Kebijakan tersebut hanya berlaku bagi peserta didik baru, yakni siswa kelas I SD dan kelas VII SMP. Sementara siswa kelas II hingga VI SD serta kelas VIII dan IX SMP tetap diperbolehkan menggunakan seragam batik yang telah dimiliki.
Kepala Dindik Blora, Sunaryo, mengatakan kebijakan tersebut mengacu pada Peraturan Menteri Pendidikan, Kebudayaan, Riset, dan Teknologi (Permendikbudristek) Nomor 50 Tahun 2022 tentang pakaian seragam sekolah. Dalam regulasi tersebut, sekolah diperbolehkan memiliki seragam khas, namun tidak bersifat wajib.
“Karena di peraturan tidak ada kewajiban, maka dari itu untuk kelas VII SMP dan I SD tidak diperkenankan satuan pendidikan menggunakan seragam batik,” ujar Sunaryo, Selasa, 14 Juli 2026.
Menurutnya, keputusan tersebut telah dibahas bersama forum kepala sekolah, koordinator wilayah (Korwil), serta Dewan Pendidikan Kabupaten Blora sebelum diterapkan pada tahun ajaran baru.

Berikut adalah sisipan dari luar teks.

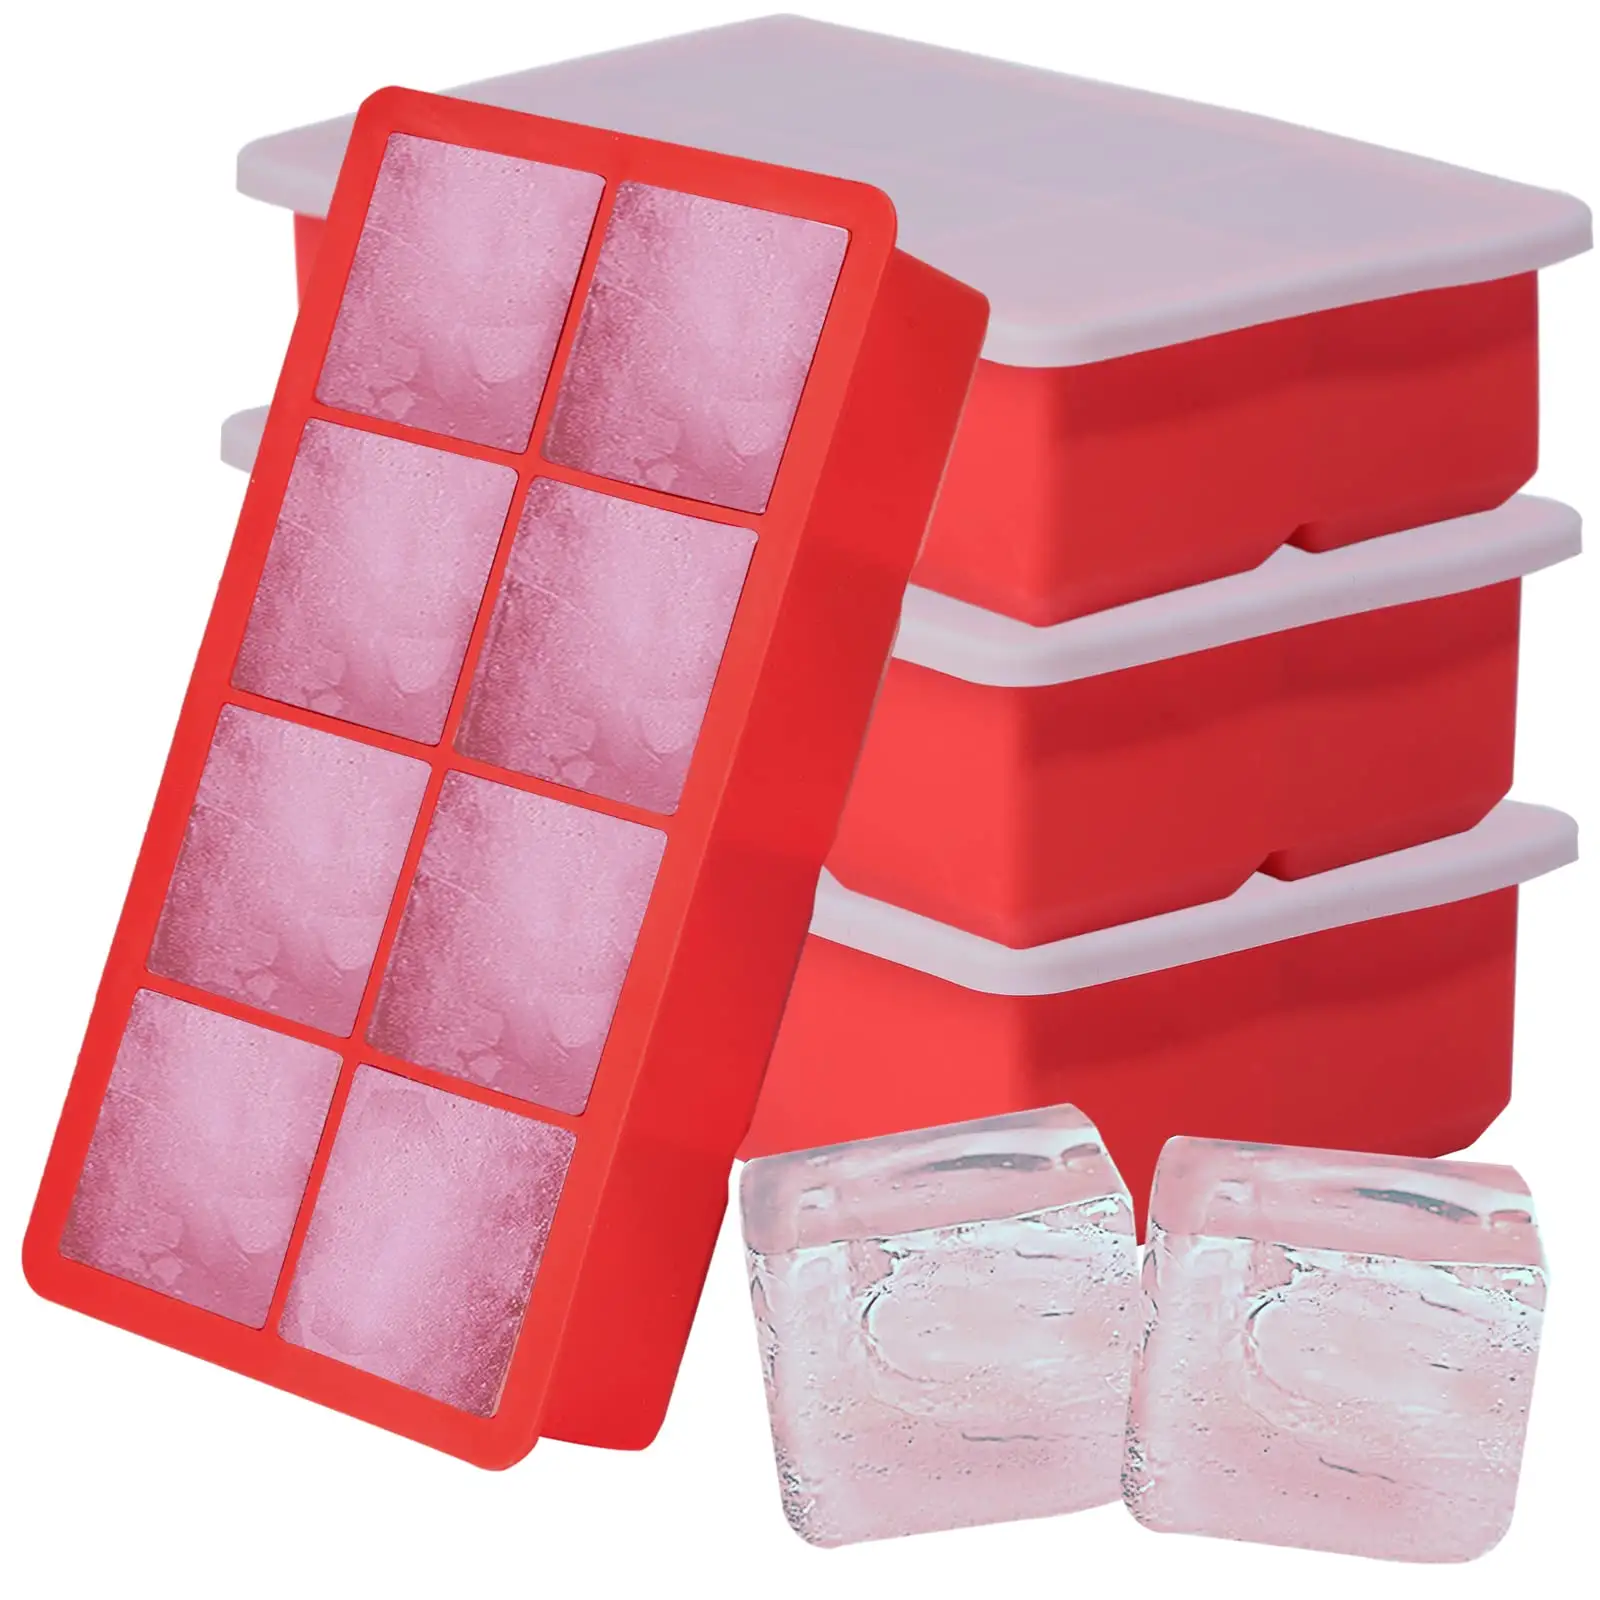 Venda quente 8-Cavity Silicone Grande Quadrado Ice Cube Bandeja para Whishy Resfria Bebidas com Tampa De Silicone Direto Da Fábrica

Sunaryo menjelaskan, penghapusan kewajiban seragam batik bertujuan mencegah potensi pungutan liar (pungli) dalam pengadaan seragam di lingkungan sekolah. Selain itu, kebijakan tersebut juga diharapkan dapat mengurangi beban biaya yang harus ditanggung orang tua.
“Seragam batik itu kan tidak ada di pasar, jadi ada kemungkinan sekolah melakukan pengadaan secara mandiri. Kami tidak mau itu terjadi dan kami hanya mewajibkan seragam putih biru untuk SMP dan seragam putih merah untuk SD,” jelasnya.

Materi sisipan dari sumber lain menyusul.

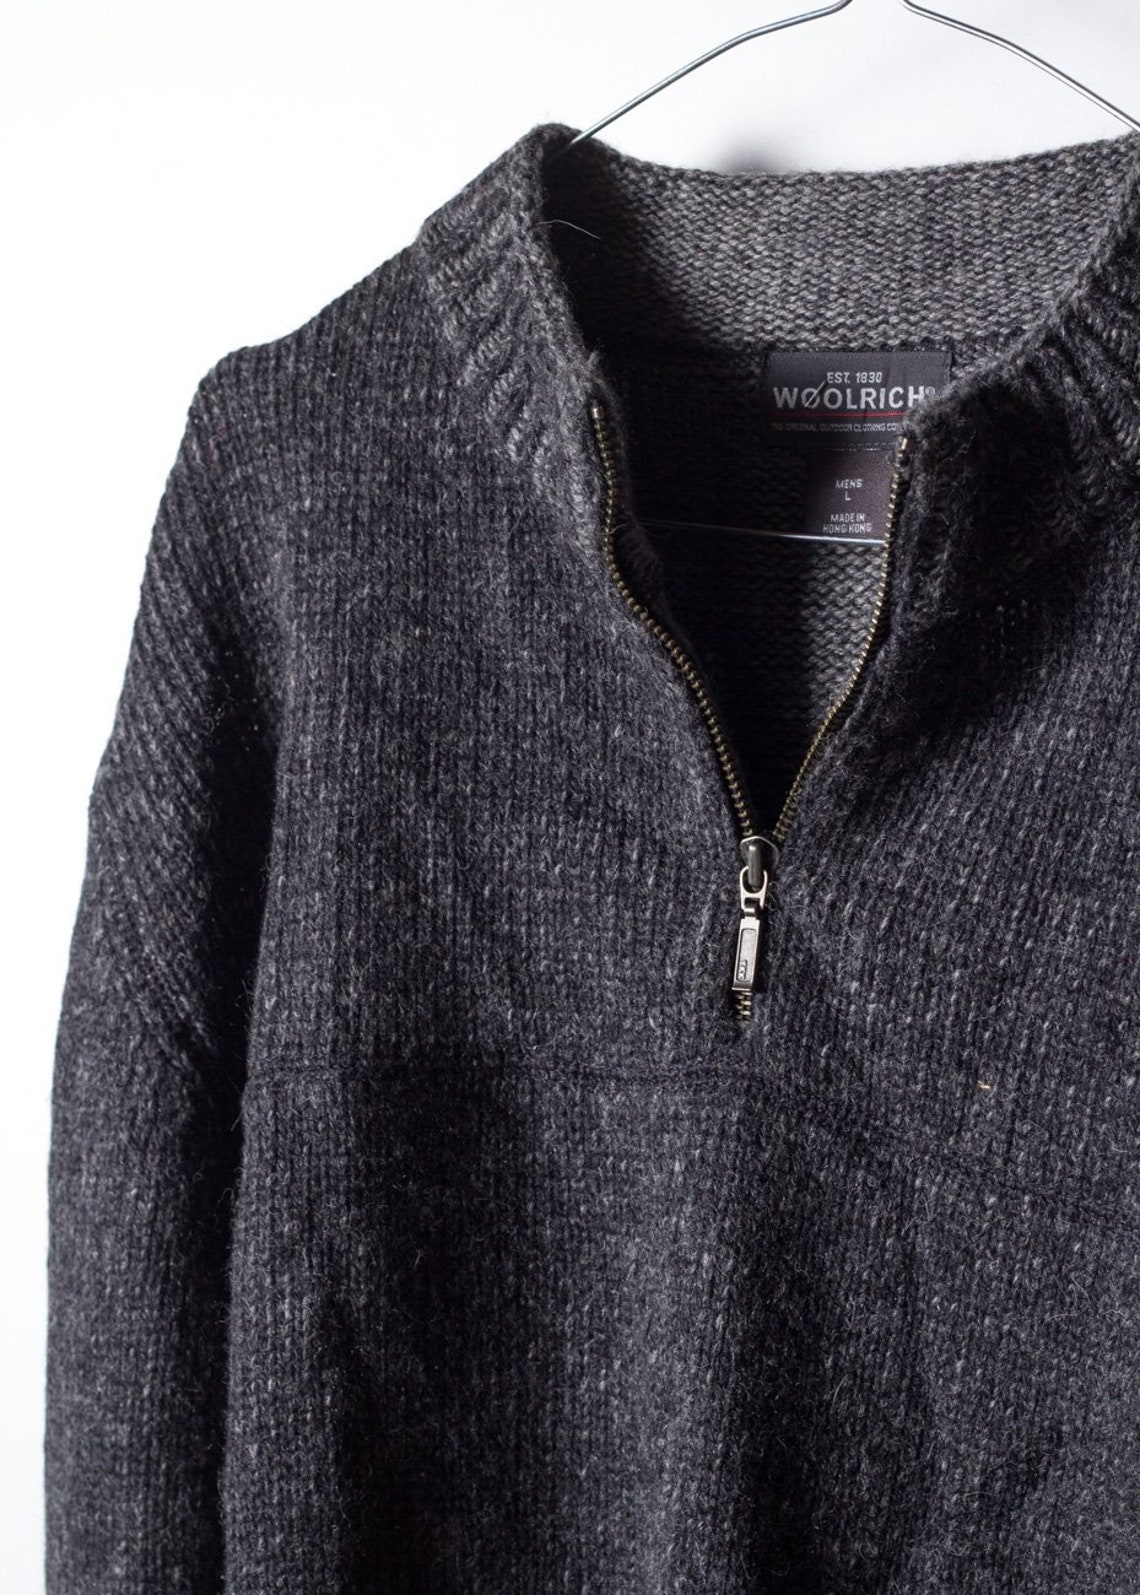 Woolrich Men's Knit Sweater in Grey | Etsy

Meski demikian, sekolah tetap diperbolehkan menggunakan seragam batik bagi siswa yang telah memilikinya, terutama untuk kelas VIII dan IX SMP.
“Seragam beda untuk hari tertentu diperbolehkan,” katanya.
Pelaksanaan kebijakan tersebut mulai diterapkan di sejumlah sekolah, salah satunya SMP Negeri 1 Blora.
Kepala SMPN 1 Blora, Ainur Rodiq, mengatakan pihaknya telah menyesuaikan aturan penggunaan seragam berdasarkan petunjuk teknis terbaru dari Dinas Pendidikan.
Ia menjelaskan, siswa baru hanya diwajibkan memiliki tiga jenis seragam, yakni seragam OSIS, Pramuka, dan olahraga, sedangkan penggunaan seragam batik ditiadakan.
“Untuk kelas VIII dan IX masih menggunakan batik di hari Selasa dan Rabu, sedangkan kelas VIII serta IX di hari tersebut masih seragam Osis. Pada 4 Juli kemarin, kami sudah koordinasi dan mensosialisasikan terkait peniadaan seragam batik dengan seluruh wali murid dan siswa baru,” jelasnya.
Menurut Ainur, seragam batik tetap dipertahankan bagi siswa kelas VIII dan IX agar orang tua tidak perlu mengeluarkan biaya tambahan untuk membeli seragam pengganti.
“Kalau batik ditiadakan di kelas itu, maka orang tua harus beli seragam osis lagi jadi tidak kami hapuskan. Tetap berbeda di hari Selasa dan Rabu tidak apa-apa,” pungkasnya.